To reduce the duplication occurrence, we introduce a dedupe mechanism and handle each failure case carefully.
Here is a simple dedupe logic:
- When a notification event first arrives, we check if it is seen before by checking the event ID.
- If it is seen before, it is discarded. Otherwise, we will send out the notification

Notification template for a notification system

A large notification system sends out millions of notifications per day, and many of these notifications follow a similar format.
Notification templates are introduced to avoid building every notification from scratch.
A notification template is a preformatted notification to create your unique notification by customizing parameters, styling, tracking links, etc.
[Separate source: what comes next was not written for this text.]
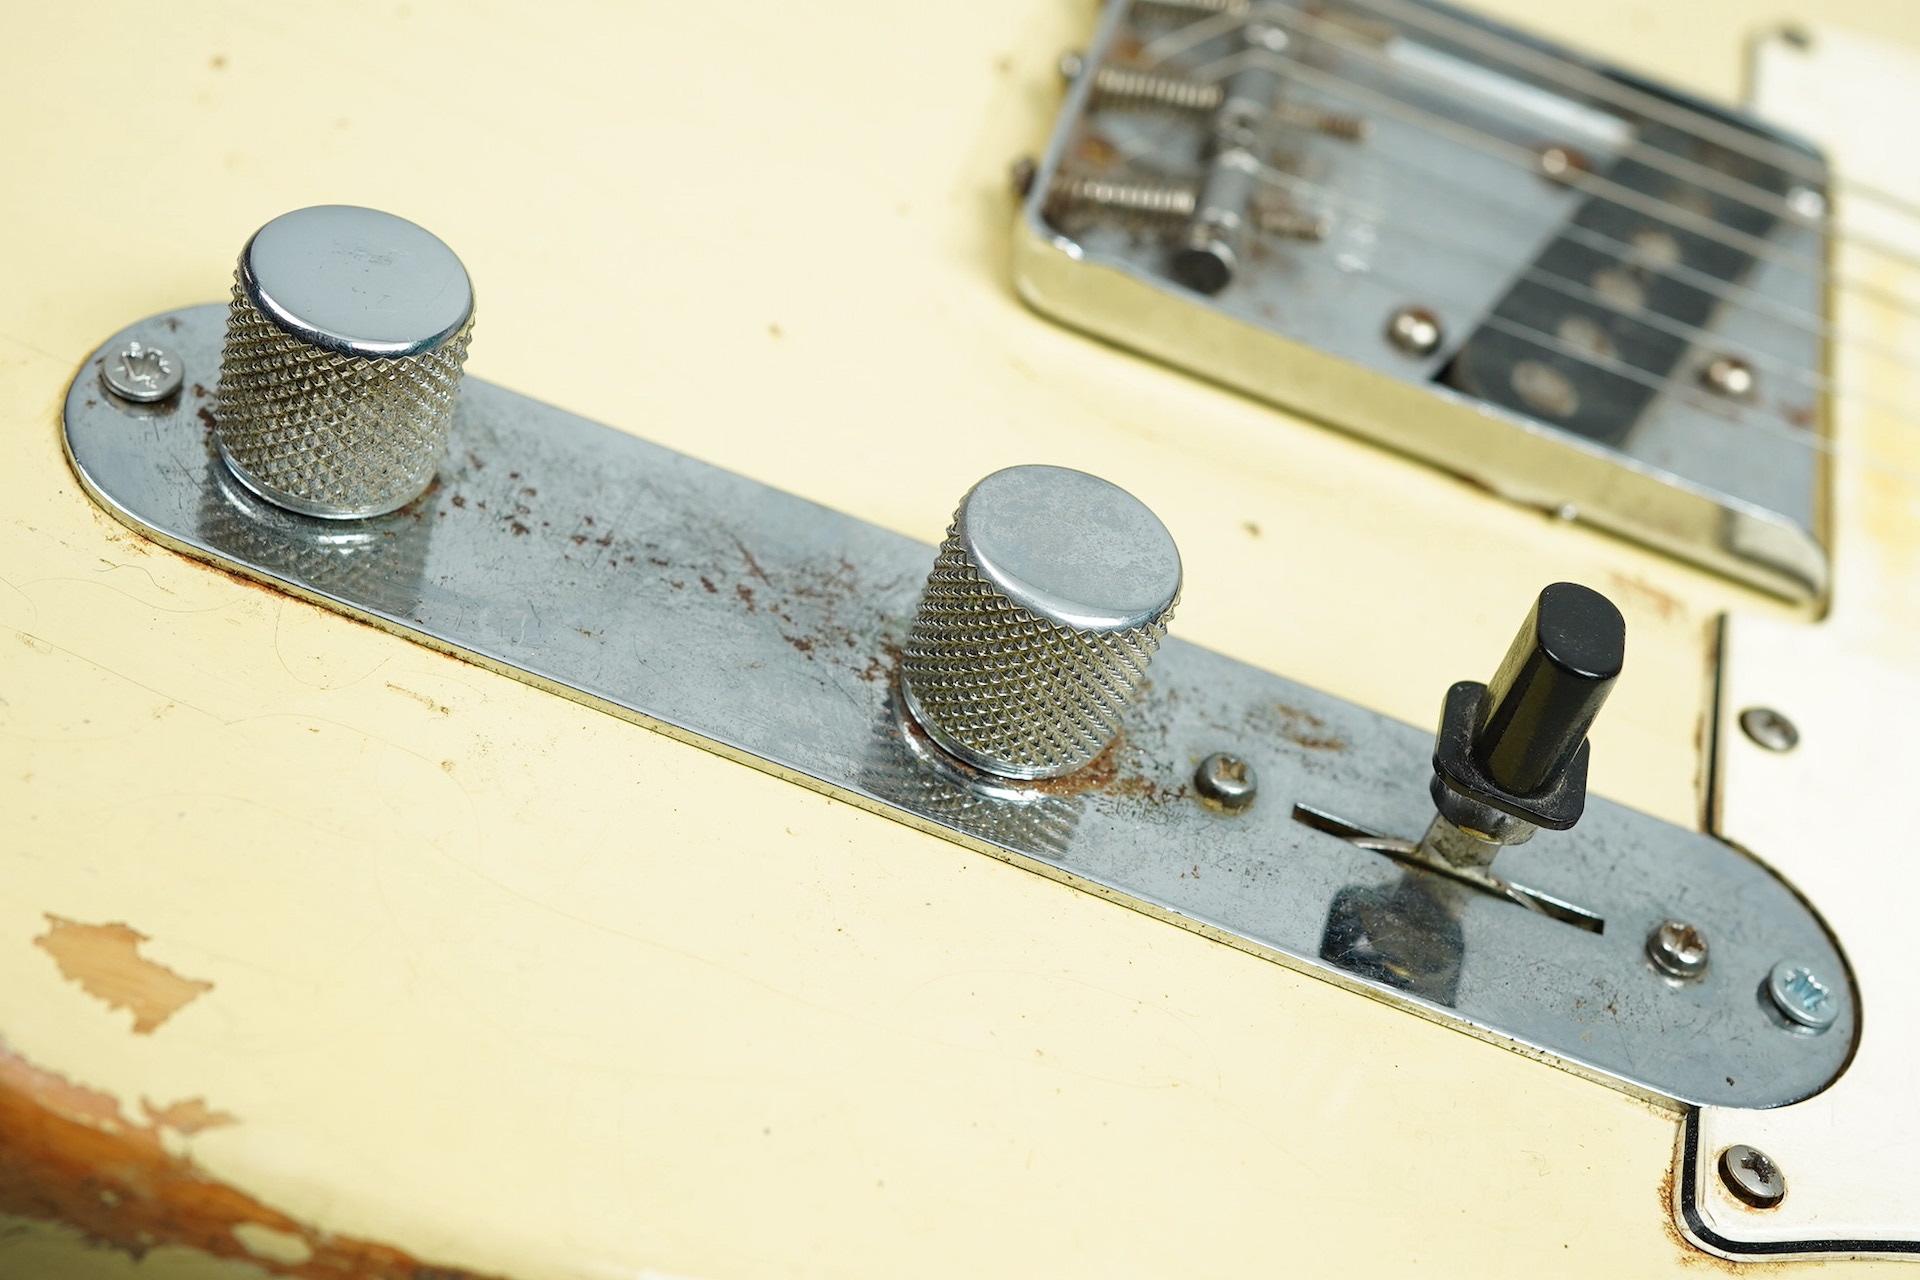 1974 Fender Telecaster Blonde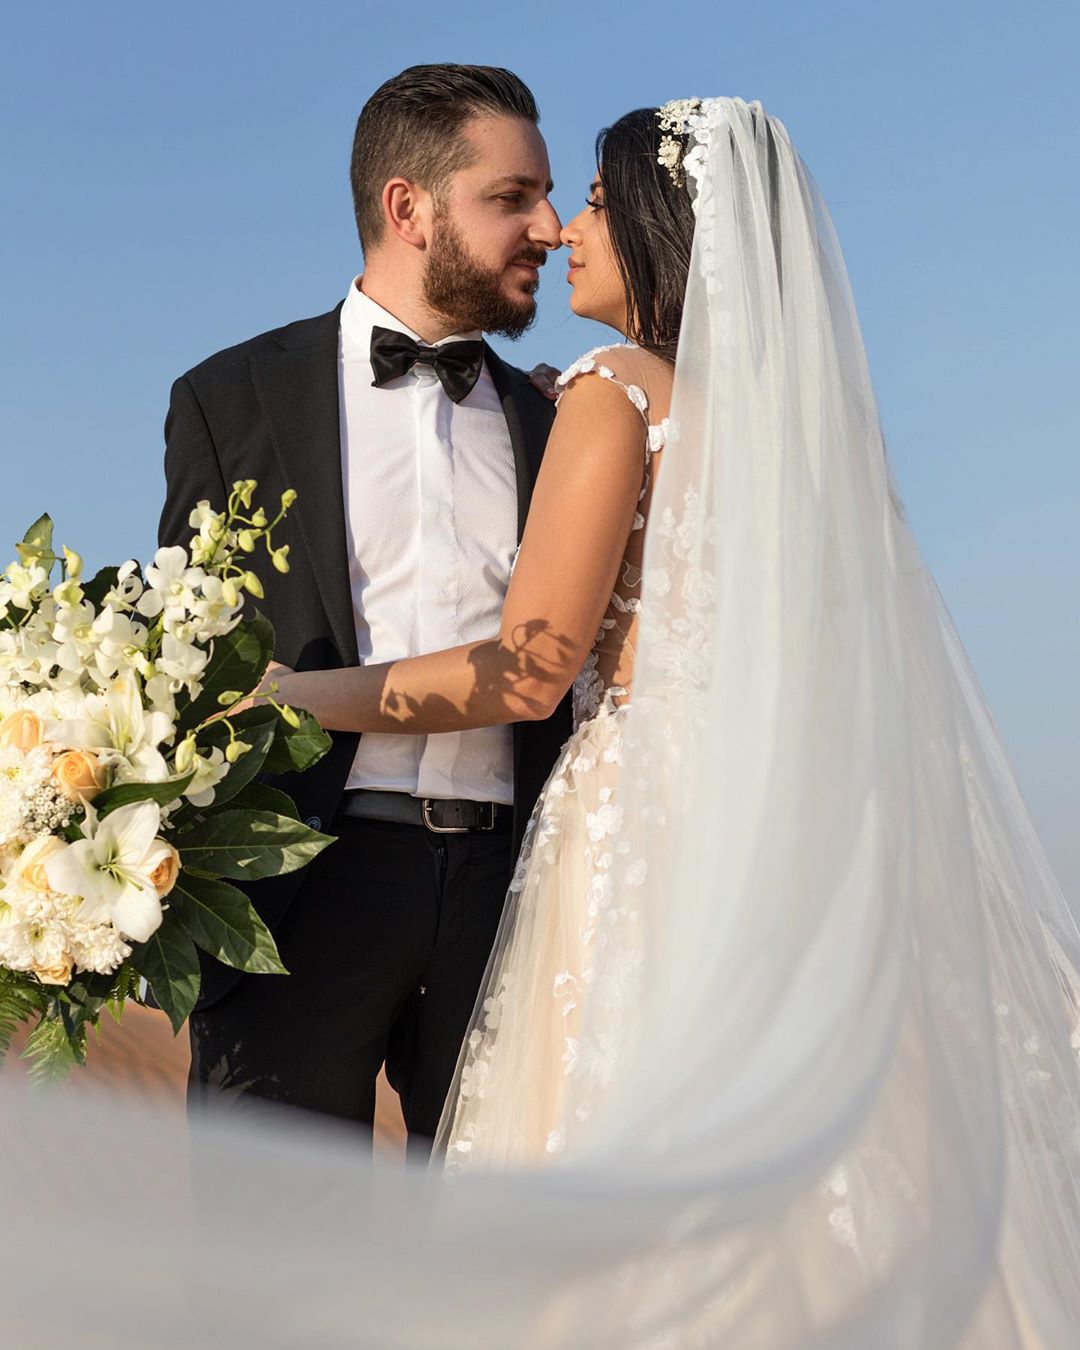 Book Dubai Wedding Photography Service. Hire Professional Wedding Photographer. Contact DubaiContent.Pro

Notification setting for a notification system

Users generally receive way too many notifications daily and they can easily feel overwhelmed.
Thus, many websites and apps give users fine-grained control over notification settings

Rate limiting for a notification system

To avoid overwhelming users with too many notifications, we can limit the number of notifications a user can receive.
This is important because receivers could turn off notifications completely if we send too often.

Retry mechanism for a notification system

When a third-party service fails to send a notification, the notification will be added to the message queue for retrying.
If the problem persists, an alert will be sent out to developers.

Security in push notifications for a notification system

For iOS or Android apps, appKey and appSecret are used to secure push notification APIs
Only authenticated or verified clients are allowed to send push notifications using our APIs

Monitor queued notifications for a notification system

A key metric to monitor is the total number of queued notifications.
If the number is large, the notification events are not processed fast enough by workers.
To avoid delay in the notification delivery, more workers are needed

Deep dive into notification system

Design a news feed system

Establish design scope for a news feed system

Candidate: Is this a mobile app? Or a web app? Or both?
Interviewer: Both
Candidate: What are the important features?
Interview: A user can publish a post and see her friends’ posts on the news feed page.
Candidate: Is the news feed sorted by reverse chronological order or any particular order such as topic scores? For instance, posts from your close friends have higher scores.
Interviewer: To keep things simple, let us assume the feed is sorted by reverse chronological order.
Candidate: How many friends can a user have?
Interviewer: 5000
Candidate: What is the traffic volume?
Interviewer: 10 million DAU
Candidate: Can feed contain images, videos, or just text?
Interviewer: It can contain media files, including both images and videos.

Feed publishing API for a news feed system

To publish a post, a HTTP POST request will be sent to the server. The API is shown below:
- POST /v1/me/feed
- Params:
  - content: content is the text of the post.
  - auth_token: it is used to authenticate API requests.

Newsfeed retrieval API for a news feed system

The API to retrieve news feed is shown below:
- GET /v1/me/feed
- Params:
  - auth_token: it is used to authenticate API requests.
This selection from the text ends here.